Kronstorf
Marktgemeinde an der alten Römerstraße von Lorch (Enns) nach Steyr; erste urkundliche Erwähnung 834 („Granitzdorf“ = „Dorf an der Grenze“, d. h. an der Grenze zu Niederösterreich), 1333 Pfarrexpositur von Enns. Zur Zeit Bruckners: ca. 100, 2019 (inkl. Katastralgemeinden): ca. 3.500 EW.

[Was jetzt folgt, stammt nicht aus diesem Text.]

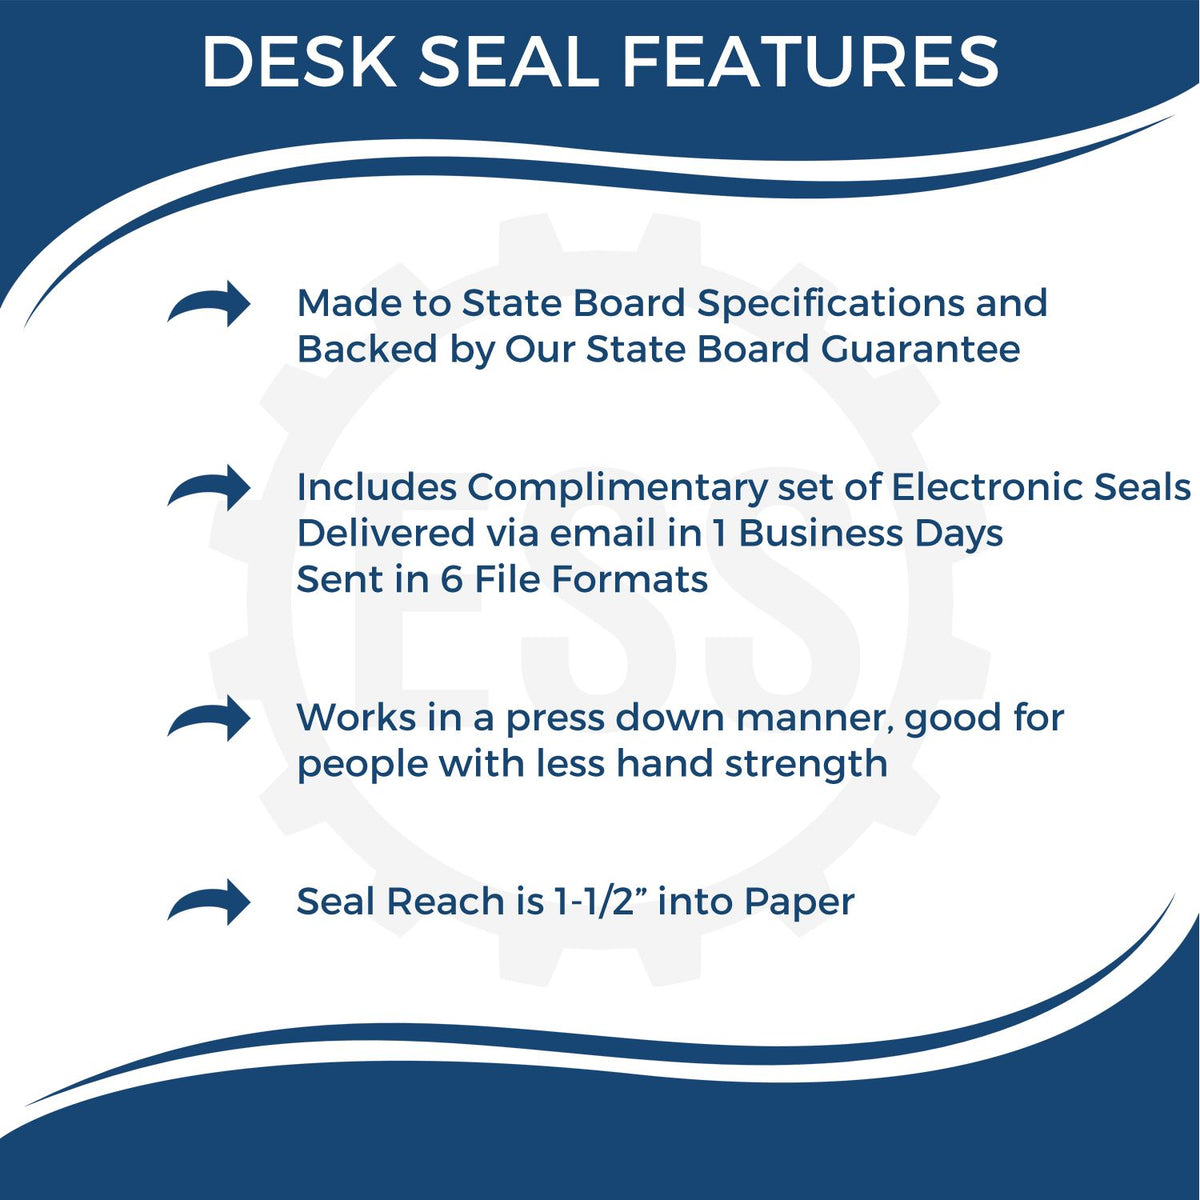 A picture of an infographic highlighting the selling points for the Alaska Desk Architect Embossing Seal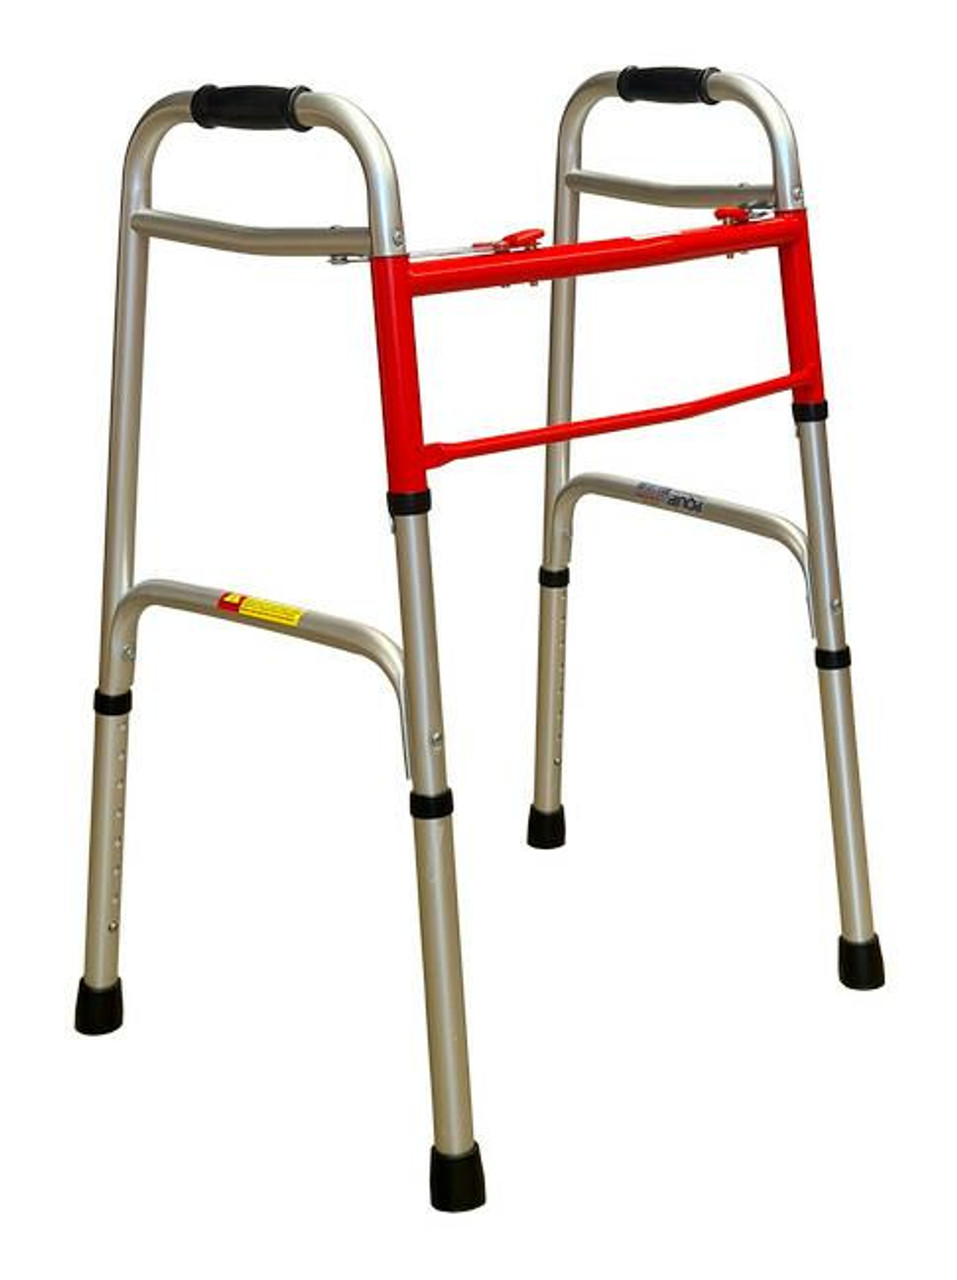 Folding Walking Frame without Wheels - Durable Mobility Aid

Mit Anstellungsdekret vom 23.1.1843 wurde Bruckner auf eigene Bitte und durch das Wohlwollen des St. Florianer Propstes Michael Arneth als Schulgehilfe von Windhaag nach Kronstorf versetzt (Anstellungen). Er fühlte sich nach eigenem Ausspruch hier „wie im Himmel“ (Göll.-A. 1, S. 213), da die Bewohner, zumeist Bauern, durch die klimatisch günstige Lage begüterter und daher auch dem Musischen mehr aufgeschlossen waren. Zu Bruckners bedeutendsten Förderern in Kronstorf zählten der Großbauer Michael Födermayr (Federmayr, * 8.9.1798 Stadlkirchen, Gemeinde Dietach bei Steyr, Oberösterreich/A, † 2.6.1872 Kronstorf), der seine Begabung erkannte und ihm ein Spinett zum Üben lieh, das Lehrerehepaar Franz Seraph Lehofer (* 31.12.1798 Kronstorf, † 16.1.1866 Kronstorf) und Theresia Lehofer (geb. Pesenmayr, * 7.1.1811 Haag, Niederösterreich/A, † 12.8.1873 Kronstorf) sowie der Pfarrexpositus Alois Knauer. Letzterer war Textdichter des 4‑stimmigen Männerchores An dem Feste und Widmungsträger der 2. Fassung der Kantate Musikalischer Versuch. Von Kronstorf aus suchte Bruckner wöchentlich mindestens dreimal den Ennser Regens chori Leopold von Zenetti auf, der ihm Unterricht erteilte. Ein weiterer Anziehungspunkt war die Chrismann-Orgel der Stadtpfarrkirche in Steyr, auf der Bruckner mit Erlaubnis des dortigen Stadtpfarrers Josef Plersch üben durfte. Auch das Stift St. Florian suchte Bruckner weiterhin auf.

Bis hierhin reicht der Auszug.